O Supremo Tribunal Federal formou, nesta quarta-feira (11), maioria para responsabilizar plataformas digitais por conteúdos ilegais publicados por usuários, mesmo sem decisão judicial prévia.
O julgamento, ainda em andamento, questiona a constitucionalidade do artigo 19 do Marco Civil da Internet, que até então protegia as redes sociais de punição caso não houvesse uma ordem expressa da Justiça para remover as postagens.

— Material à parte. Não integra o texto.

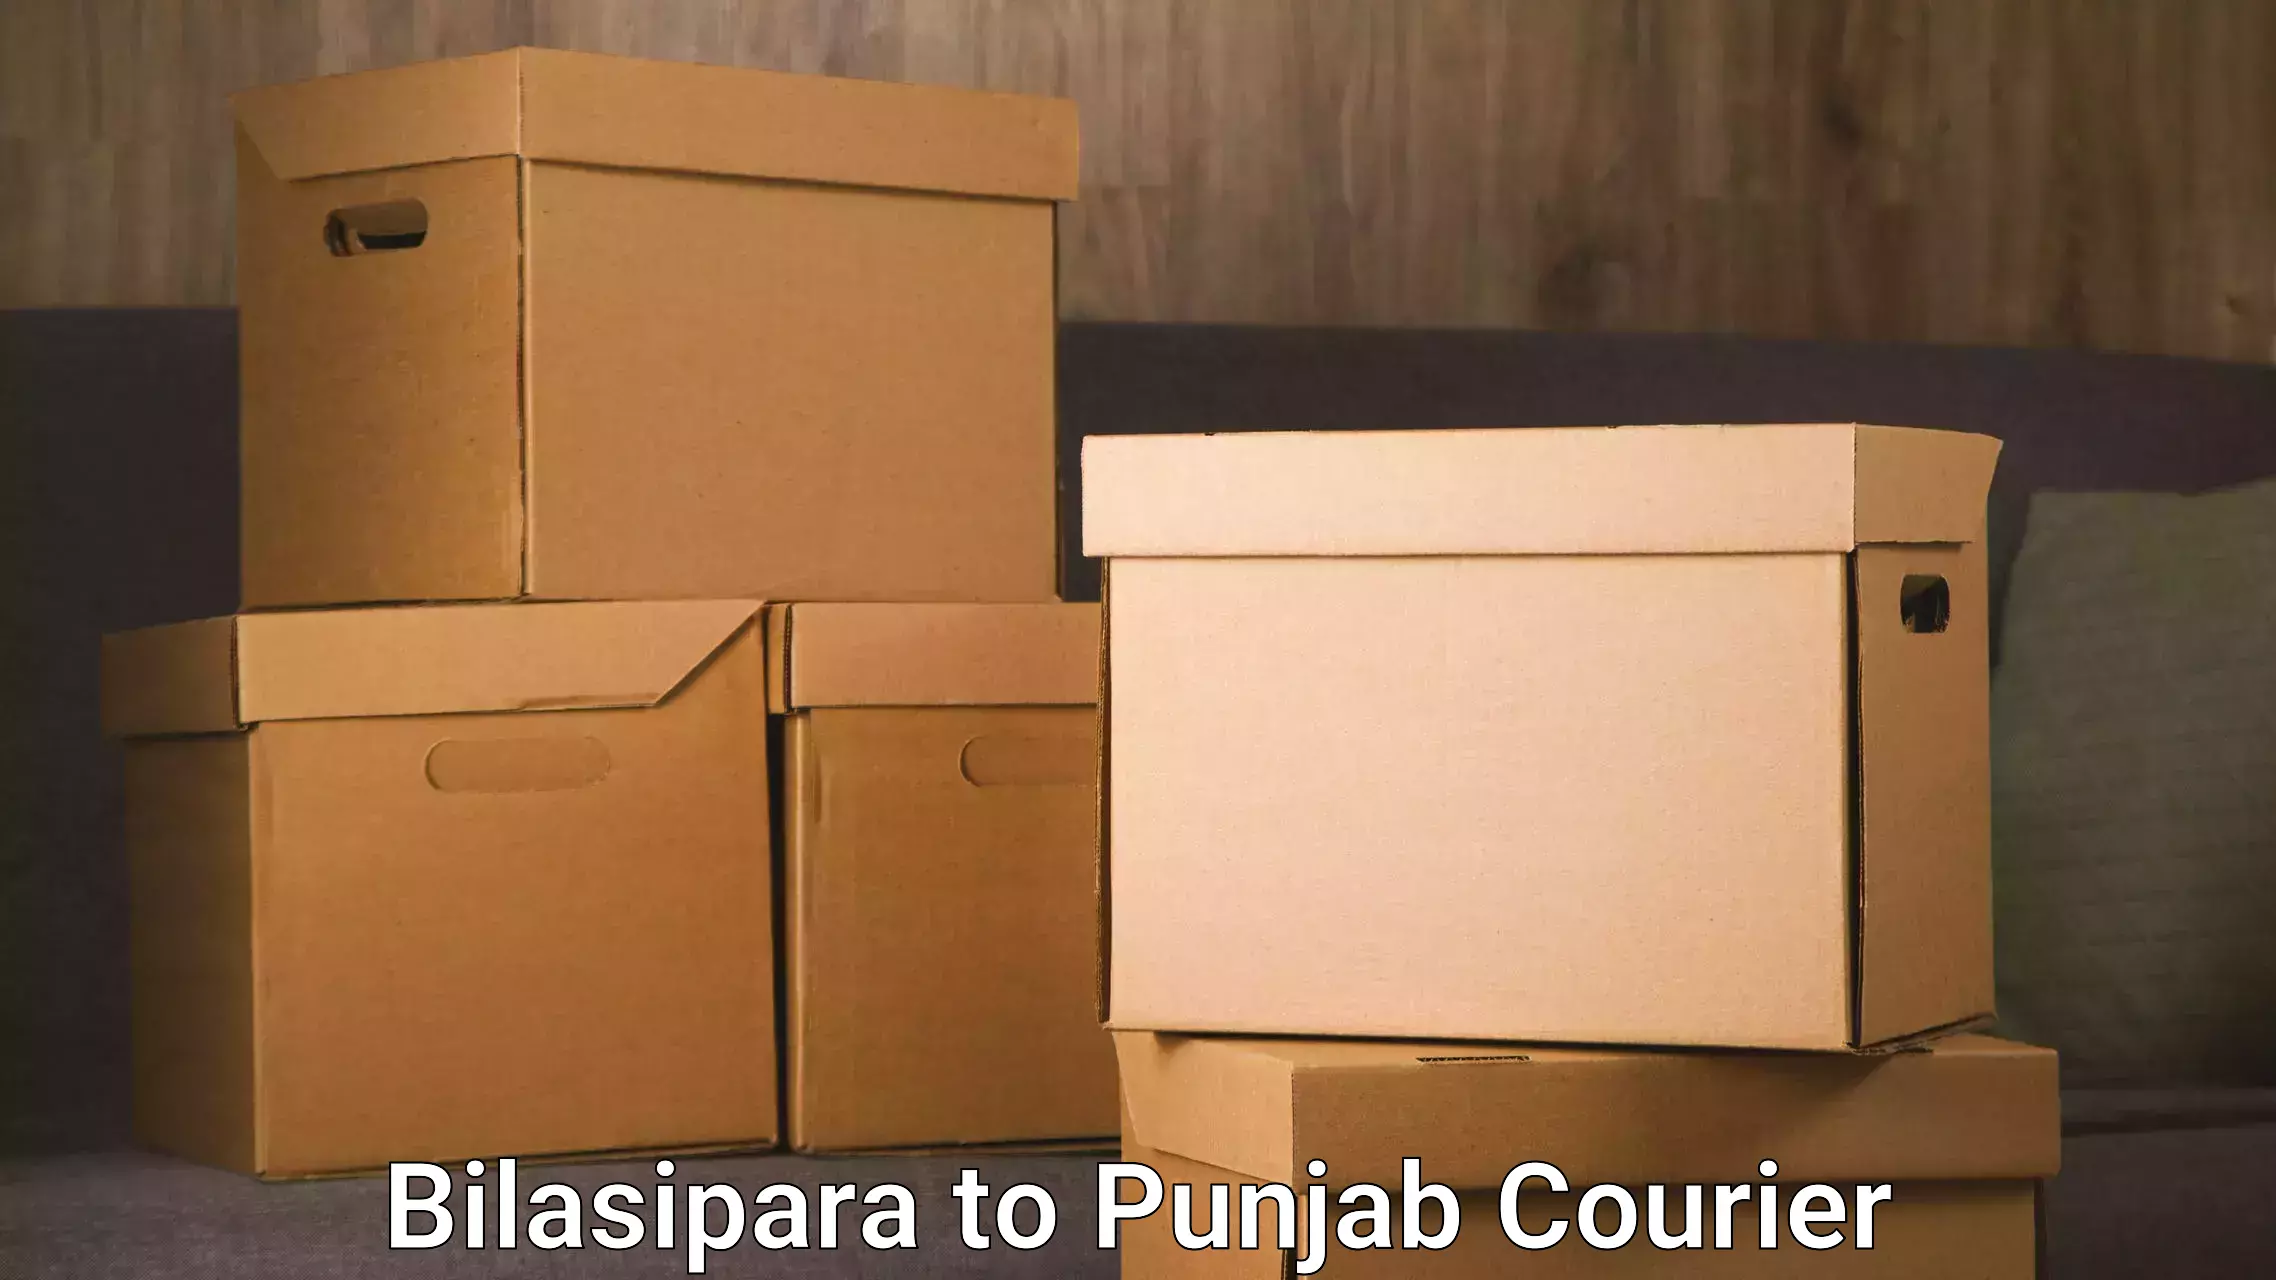 Courier service comparison in Bilasipara to Zirakpur

A decisão já conta com seis votos a um pela inconstitucionalidade do artigo. Com isso, redes sociais como Facebook, Instagram, YouTube, X (antigo Twitter) e TikTok poderão ser responsabilizadas caso não retirem conteúdos considerados ilícitos assim que forem notificados.
O julgamento envolve dois recursos extraordinários com repercussão geral. O primeiro, relatado pelo ministro Dias Toffoli, diz respeito a um processo movido contra o Facebook, após a criação de um perfil falso na plataforma.
O segundo, sob relatoria de Luiz Fux, trata de uma ação envolvendo o Google e conteúdos publicados no extinto Orkut.
Toffoli votou pela inconstitucionalidade do artigo 19
Ele defendeu que as plataformas devem remover os conteúdos assim que forem notificadas, mesmo sem ordem da Justiça.
O ministro apresentou um conjunto de dez deveres que, segundo ele, devem ser exigidos das plataformas, como transparência, combate a contas falsas e responsabilidade solidária por crimes como racismo e incitação à violência.
Fux acompanhou o entendimento de Toffoli e sugeriu que, após a notificação, a plataforma remova o conteúdo de imediato e, se discordar, recorra posteriormente à Justiça para tentar restabelecê-lo. Para Fux, a demora na exclusão pode causar danos irreparáveis.
O ministro Luís Roberto Barroso, presidente do STF, votou pela parcial inconstitucionalidade do artigo 19.
Segundo sua proposta, conteúdos que configurem crimes graves — como pornografia infantil, terrorismo ou ataques à democracia — devem ser retirados sem necessidade de decisão judicial.
Para outros casos, como crimes contra a honra, Barroso manteve a exigência de autorização judicial.
Também votaram com a maioria os ministros Flávio Dino, Cristiano Zanin e Nunes Marques. Dino argumentou que a responsabilidade civil das plataformas deve seguir o artigo 21 do Marco Civil da Internet, que prevê a retirada de conteúdos após notificação.
Ele defendeu a responsabilização por publicações que façam apologia à violência ou ameacem o Estado Democrático de Direito.
Voto de Zanin

Zanin votou alinhado ao relator Toffoli e defendeu a responsabilização das plataformas por conteúdos ilegais assim que houver notificação, sem necessidade de decisão judicial.
Nunes Marques também acompanhou a maioria, mas seus argumentos não foram divulgados nas informações disponíveis.
Voto contrário
O único voto contrário foi do ministro André Mendonça. Ele considerou o artigo 19 constitucional e defendeu a necessidade de ordem judicial para remoção de conteúdos, sob o argumento de que essa exigência protege a liberdade de expressão e evita censura prévia.
Mendonça propôs que apenas perfis comprovadamente falsos ou operados por robôs possam ser retirados sem decisão judicial.
Ele também criticou a suspensão de perfis por tempo indeterminado, prática que atribuiu a decisões do ministro Alexandre de Moraes, classificando-as como censura.
Mendonça defendeu ainda um modelo de “autorregulação regulada”, no qual as plataformas adotariam mecanismos próprios de compliance, sem serem responsabilizadas diretamente pelas postagens dos usuários.
Para ele, as empresas devem ter legitimidade para defender a liberdade de expressão de quem publica nas redes.
Os ministros Gilmar Mendes, Edson Fachin, Alexandre de Moraes e Cármen Lúcia ainda não votaram, mas a maioria necessária para modificar o entendimento sobre o artigo 19 já foi alcançada.
Com a decisão, as plataformas poderão ser obrigadas a retirar conteúdos que promovam desinformação, discurso de ódio, incitação à violência ou ataques ao regime democrático, a partir de notificações feitas por usuários, sob risco de sanções e multas.
Posição das empresas
Empresas de tecnologia alegam que a mudança pode levar à remoção preventiva de conteúdos legítimos, como reportagens jornalísticas e publicações de humor, por receio de punições.
Representantes das big techs também afirmam que o novo entendimento compromete a liberdade de expressão, transfere responsabilidade indevida às plataformas e impõe um custo operacional alto para moderação de bilhões de postagens diárias.
A Advocacia-Geral da União, por outro lado, defendeu a nova responsabilização. Destacou casos em que a ausência de ação das plataformas resultou em consequências graves, como a morte de uma menina de oito anos após participar de um “desafio” promovido em redes sociais.